Federated learning works by aggregating locally computed gradients from multiple clients, thus enabling collaborative training without sharing private client data. However, prior work has shown that the data can actually be recovered by the server using so-called gradient inversion attacks. While these attacks perform well when applied on images, they are limited in the text domain and only permit approximate reconstruction of small batches and short input sequences. In this work, we propose DAGER, the first algorithm to recover whole batches of input text exactly. DAGER leverages the low-rank structure of self-attention layer gradients and the discrete nature of token embeddings to efficiently check if a given token sequence is part of the client data. We use this check to exactly recover full batches in the honest-but-curious setting without any prior on the data for both encoder- and decoder-based architectures using exhaustive heuristic search and a greedy approach, respectively. We provide an efficient GPU implementation of DAGER and show experimentally that it recovers full batches of size up to 128 on large language models (LLMs), beating prior attacks in speed (20x at same batch size), scalability (10x larger batches), and reconstruction quality (ROUGE-1/2 > 0.99).

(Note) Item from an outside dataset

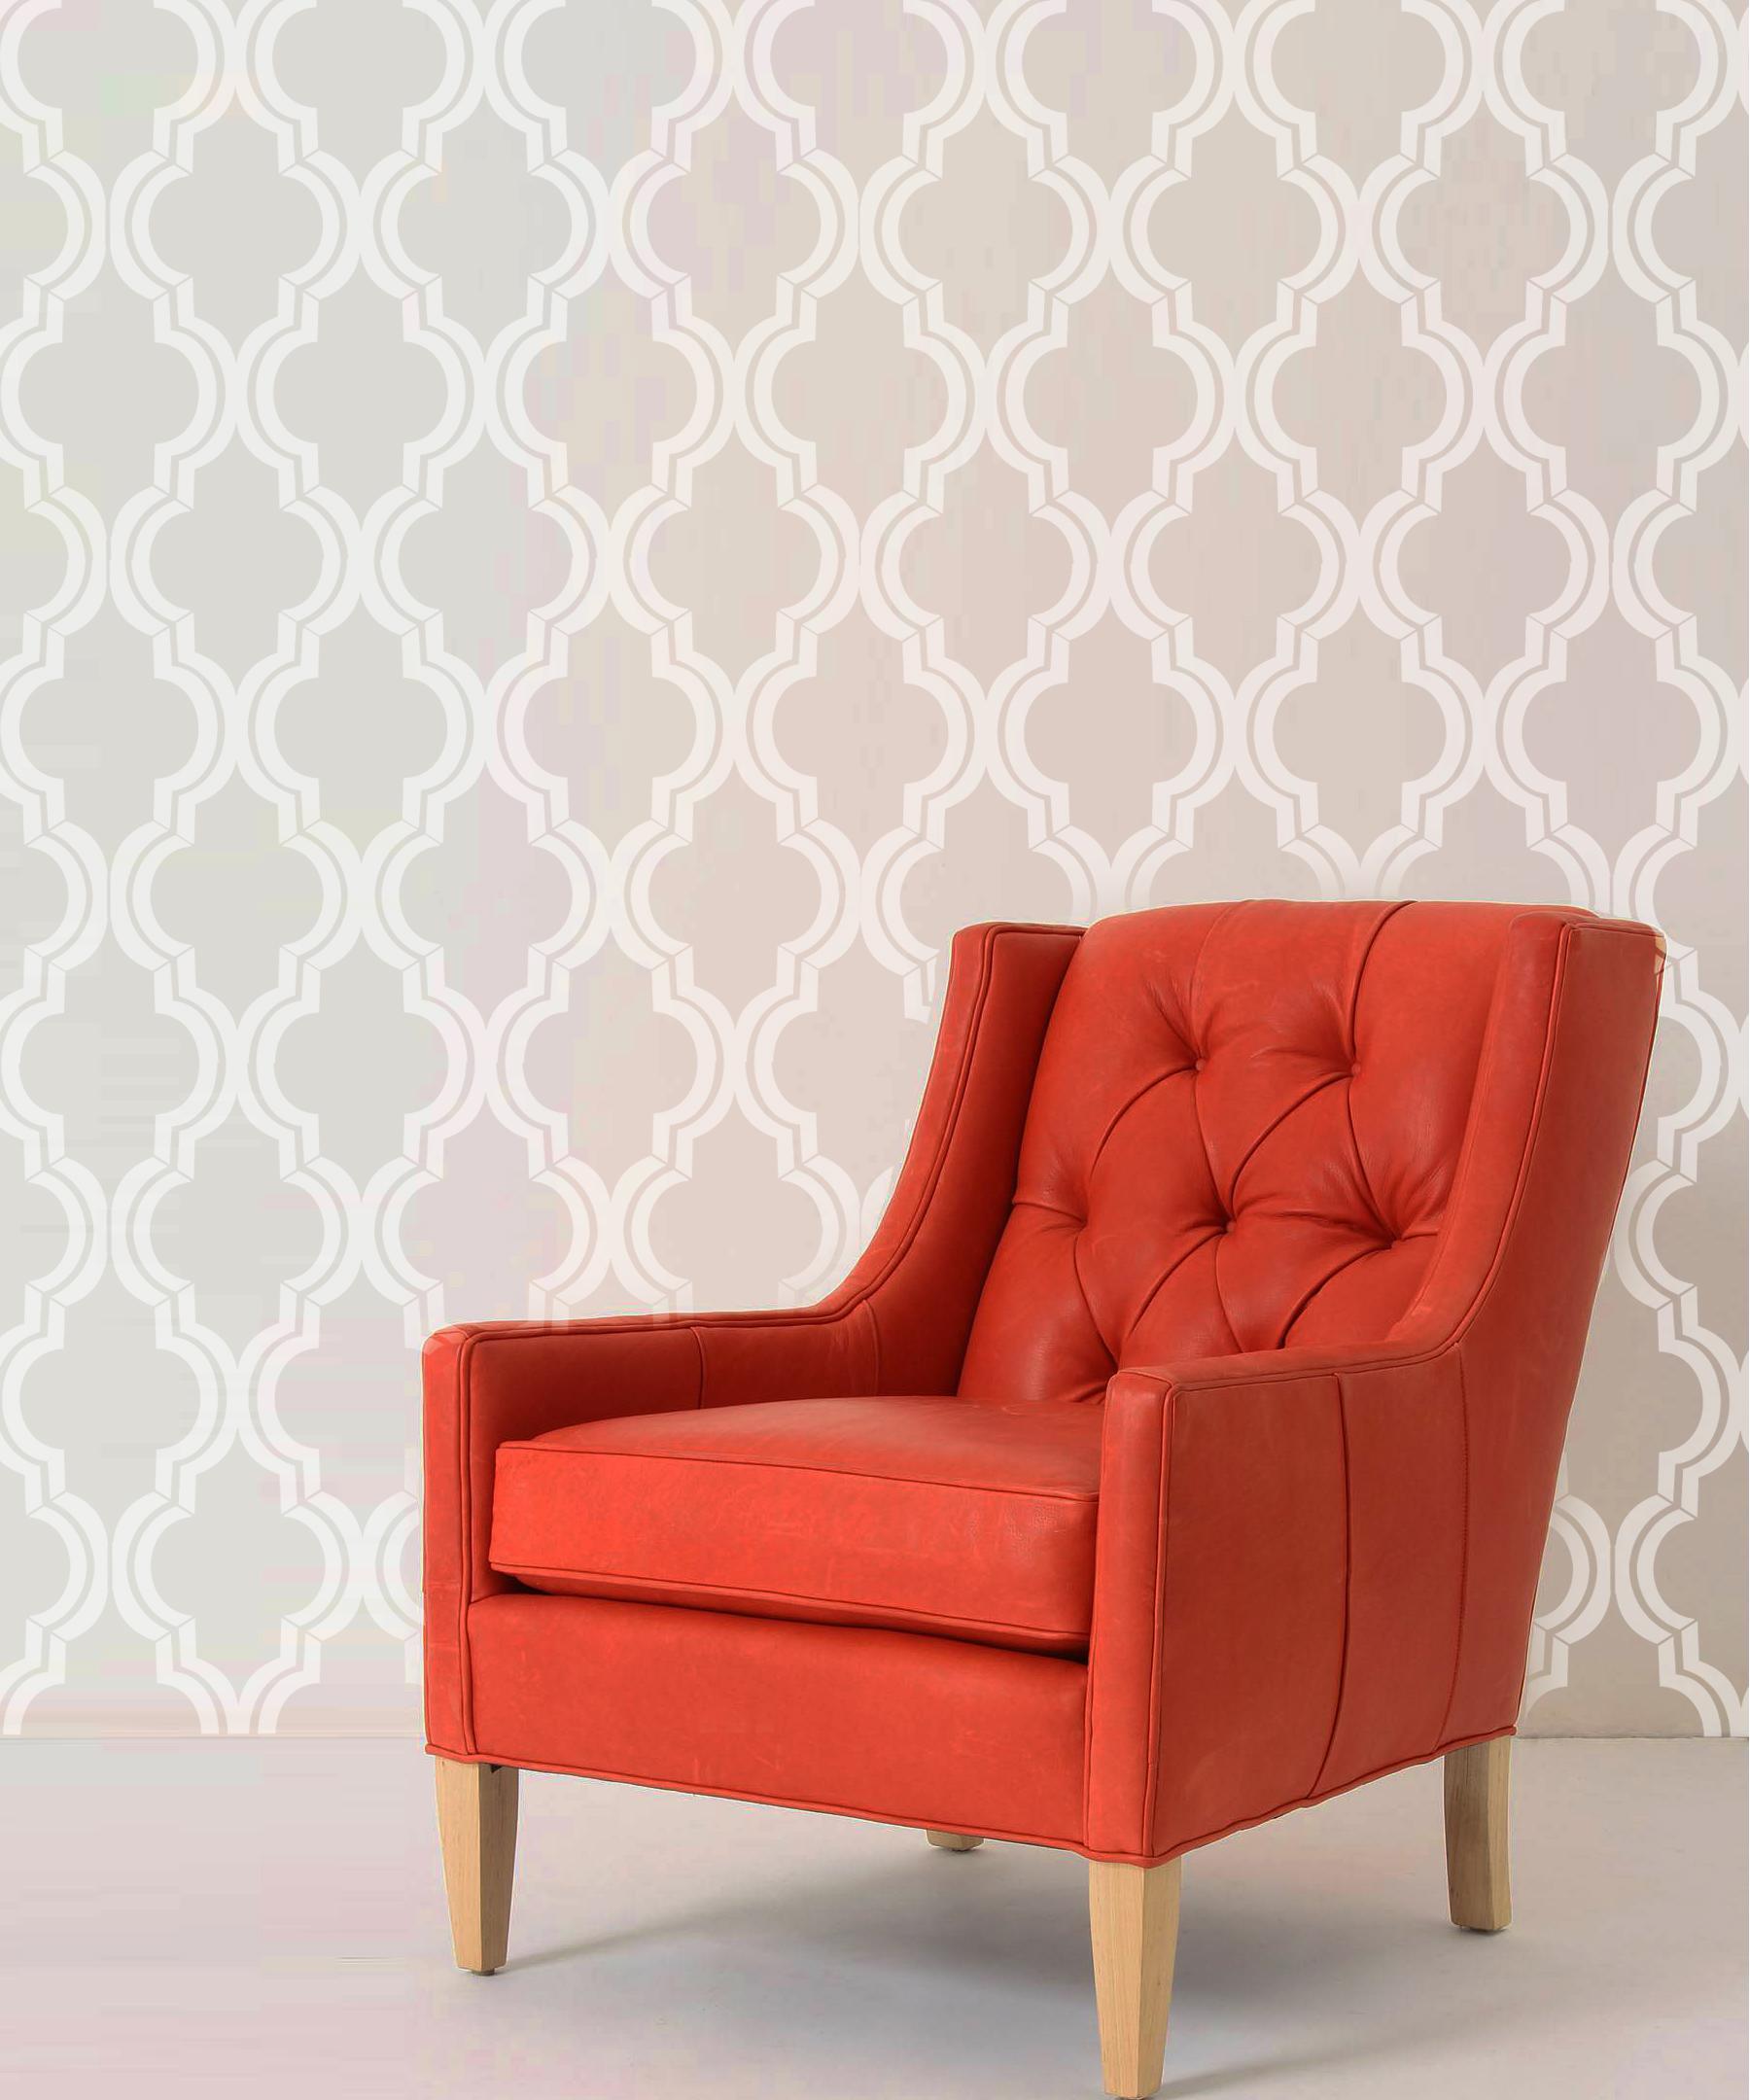 old world allover designer pattern stencil better than wallpaper ...

翻译：联邦学习通过聚合来自多个客户端的本地计算梯度来实现协同训练，而无需共享私有客户端数据。然而，已有研究表明，服务器实际上可以通过所谓的梯度反演攻击来恢复数据。尽管此类攻击在图像领域效果显著，但在文本领域存在局限，仅能对小批量数据和短输入序列进行近似重建。本文提出DAGER算法，首次实现了对整批输入文本的精确恢复。DAGER利用自注意力层梯度的低秩结构及词元嵌入的离散特性，可高效验证给定词元序列是否属于客户端数据。基于此验证机制，我们在诚实但好奇的场景下，分别通过穷举启发式搜索和贪心策略，对编码器与解码器架构实现了无需数据先验的完整批次精确恢复。我们提供了DAGER的高效GPU实现，实验表明该算法可在大型语言模型上恢复多达128个样本的完整批次，在速度（同批次规模下提升20倍）、可扩展性（批次规模扩大10倍）与重建质量（ROUGE-1/2 > 0.99）方面均超越现有攻击方法。